Any clues on how to point the file path for the JSON so I can convert it to CSV. I'm unsure what has changed that is causing the above error that did not happen before.

Any feedback would be greatly appreciated.

Thank you for your time.
Best regards,
TB.

My impression is that this error appears when the file does not exist:

library(jsonlite)

toJSON(data.frame(x=0)) |>
  writeLines("test.json")

fromJSON("test.json")
#>   x
#> 1 0

fromJSON("oh_no.json")
#> Error: lexical error: invalid char in json text.
#>                                        oh_no.json
#>                      (right here) ------^

Created on 2023-04-03 by the reprex package (v2.0.1)

(and if you give an absolute path, the ^ still points to the second character, which is :)

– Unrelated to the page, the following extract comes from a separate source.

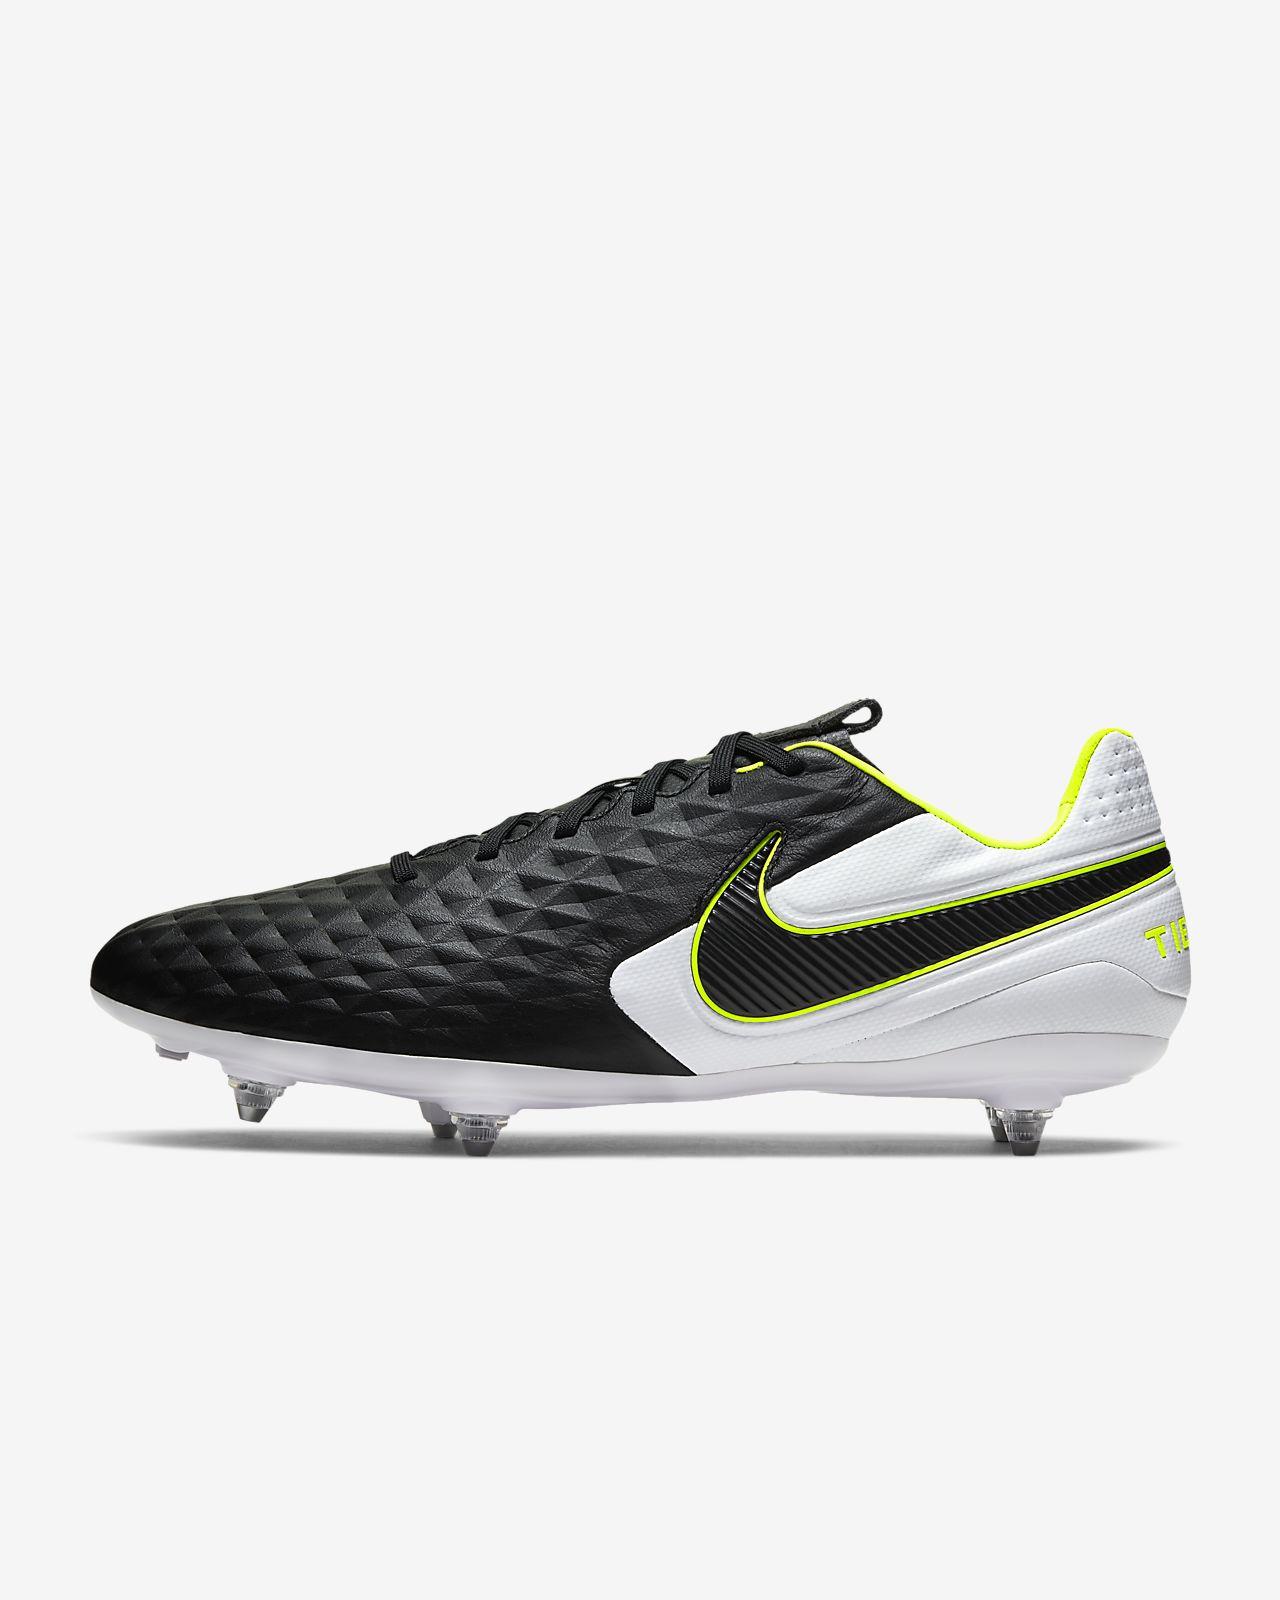 Chaussure de football à crampons pour terrain gras Nike Tiempo Legend 8 Pro SG

And you can actually see how it works looking at the source code of fromJSON(), here is a simplified version:

if (file.exists(txt)) {
  txt <- file(txt)
}
parse_and_simplify(txt = txt, ...)

So, the function tries to find a file at txt, if there is no such file, it's assuming you're directly giving the JSON as text and tries to parse it. So if you give a path to a file that doesn't exist, it'll try to parse that path and fail, because it's not JSON.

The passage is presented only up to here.